Rabin-Karp Algorithm

Topics

Topics: rolling hash, pattern matching, fingerprinting, multiple pattern search

Definition

A string matching algorithm that uses hashing to find pattern occurrences, using a rolling hash to efficiently compute hash values for all substrings.

Use cases

Plagiarism detection
Multiple pattern matching
Finding repeated substrings
DNA sequence analysis
Document similarity

Prerequisites

Hash functions
Modular arithmetic
Understanding of hash collisions

Step-by-step

Compute hash of pattern
Compute hash of first window in text
Slide window: update hash using rolling hash formula
When hashes match, verify with actual string comparison
Rolling hash: new_hash = (old_hash - first_char) * base + new_char

In code

def rabin_karp(text, pattern):
    """
    Find all occurrences of pattern in text using rolling hash.
    Returns list of starting indices.
    """
    if not pattern or len(pattern) > len(text):
        return []

    n, m = len(text), len(pattern)
    d = 256  # Number of characters in alphabet
    q = 101  # A prime number for modulo

    result = []

    # Calculate d^(m-1) % q
    h = pow(d, m - 1, q)

    # Calculate initial hash values
    p_hash = 0  # Pattern hash
    t_hash = 0  # Text window hash

    for i in range(m):
        p_hash = (d * p_hash + ord(pattern[i])) % q
        t_hash = (d * t_hash + ord(text[i])) % q

    # Slide pattern over text
    for i in range(n - m + 1):
        # Check if hashes match
        if p_hash == t_hash:
            # Verify character by character (handle collision)
            if text[i:i + m] == pattern:
                result.append(i)

        # Calculate hash for next window
        if i < n - m:
            t_hash = (d * (t_hash - ord(text[i]) * h) + ord(text[i + m])) % q

            # Handle negative hash
            if t_hash < 0:
                t_hash += q

    return result

def rabin_karp_multiple(text, patterns):
    """
    Find occurrences of multiple patterns using Rabin-Karp.
    More efficient than running single pattern search multiple times.
    """
    if not patterns:
        return {}

    d = 256
    q = 10**9 + 7
    result = {p: [] for p in patterns}

    # Group patterns by length
    length_groups = {}
    for pattern in patterns:
        m = len(pattern)
        if m not in length_groups:
            length_groups[m] = []
        length_groups[m].append(pattern)

    n = len(text)

    # Process each length group
    for m, group in length_groups.items():
        if m > n:
            continue

        h = pow(d, m - 1, q)

        # Compute pattern hashes
        pattern_hashes = {}
        for pattern in group:
            p_hash = 0
            for c in pattern:
                p_hash = (d * p_hash + ord(c)) % q
            if p_hash not in pattern_hashes:
                pattern_hashes[p_hash] = []
            pattern_hashes[p_hash].append(pattern)

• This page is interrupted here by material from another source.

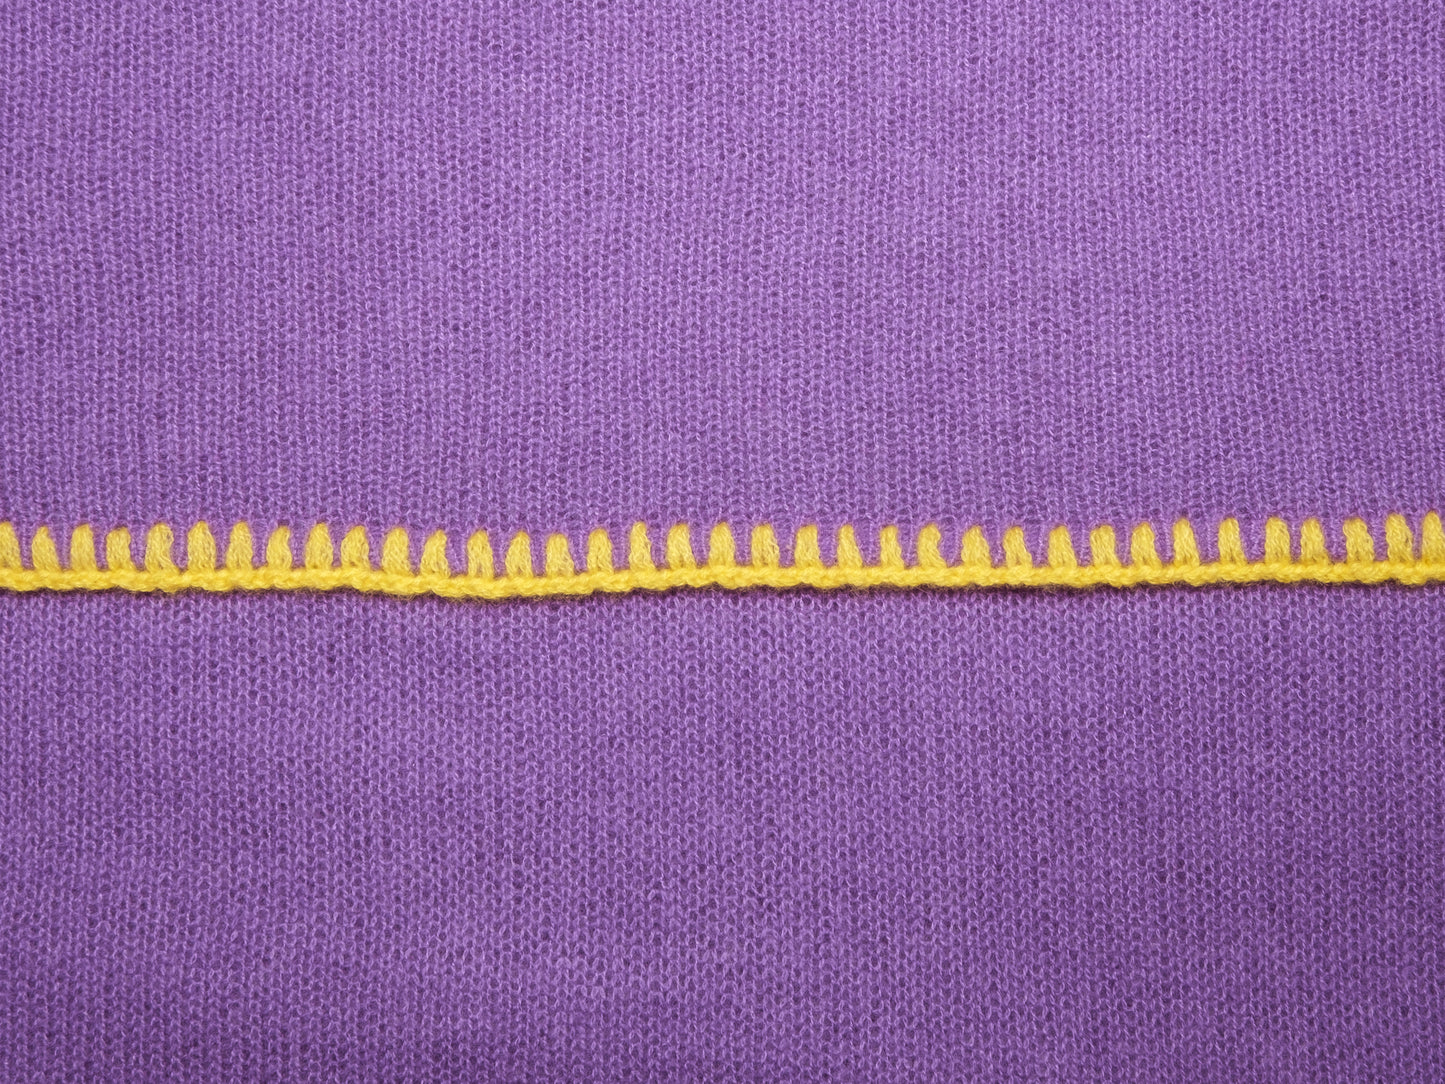 Schal Horsestitch Ultra Violet mit Kontrastnaht in Yellow

        # Compute initial text hash
        t_hash = 0
        for i in range(m):
            t_hash = (d * t_hash + ord(text[i])) % q

        # Search
        for i in range(n - m + 1):
            if t_hash in pattern_hashes:
                for pattern in pattern_hashes[t_hash]:
                    if text[i:i + m] == pattern:
                        result[pattern].append(i)

            if i < n - m:
                t_hash = (d * (t_hash - ord(text[i]) * h) + ord(text[i + m])) % q
                if t_hash < 0:
                    t_hash += q

    return result

def find_repeated_substring(s, length):
    """Find all substrings of given length that appear more than once"""
    if length > len(s):
        return []

    d = 256
    q = 10**9 + 7
    h = pow(d, length - 1, q)

    # Hash -> positions
    seen = {}
    repeated = set()

    # Initial hash
    curr_hash = 0
    for i in range(length):
        curr_hash = (d * curr_hash + ord(s[i])) % q

    seen[curr_hash] = [0]

    # Rolling hash
    for i in range(1, len(s) - length + 1):
        curr_hash = (d * (curr_hash - ord(s[i-1]) * h) + ord(s[i + length - 1])) % q
        if curr_hash < 0:
            curr_hash += q

        if curr_hash in seen:
            # Verify and check for actual duplicates
            for prev_pos in seen[curr_hash]:
                if s[prev_pos:prev_pos + length] == s[i:i + length]:
                    repeated.add(s[i:i + length])
                    break
            seen[curr_hash].append(i)
        else:
            seen[curr_hash] = [i]

    return list(repeated)

def longest_repeated_substring(s):
    """Find the longest substring that appears at least twice"""
    # Binary search on length
    left, right = 0, len(s)
    result = ""

    while left < right:
        mid = (left + right + 1) // 2
        repeated = find_repeated_substring(s, mid)

        if repeated:
            result = repeated[0]
            left = mid
        else:
            right = mid - 1

    return result

def polynomial_hash(s, base=31, mod=10**9 + 9):
    """Compute polynomial hash of string"""
    h = 0
    p = 1
    for c in s:
        h = (h + (ord(c) - ord('a') + 1) * p) % mod
        p = (p * base) % mod
    return h

def count_distinct_substrings(s):
    """Count distinct substrings using rolling hash"""
    n = len(s)
    d = 256
    q = 10**9 + 7

    seen = set()

    for length in range(1, n + 1):
        h = pow(d, length - 1, q)
        curr_hash = 0

        for i in range(length):
            curr_hash = (d * curr_hash + ord(s[i])) % q

        seen.add((length, curr_hash, s[:length]))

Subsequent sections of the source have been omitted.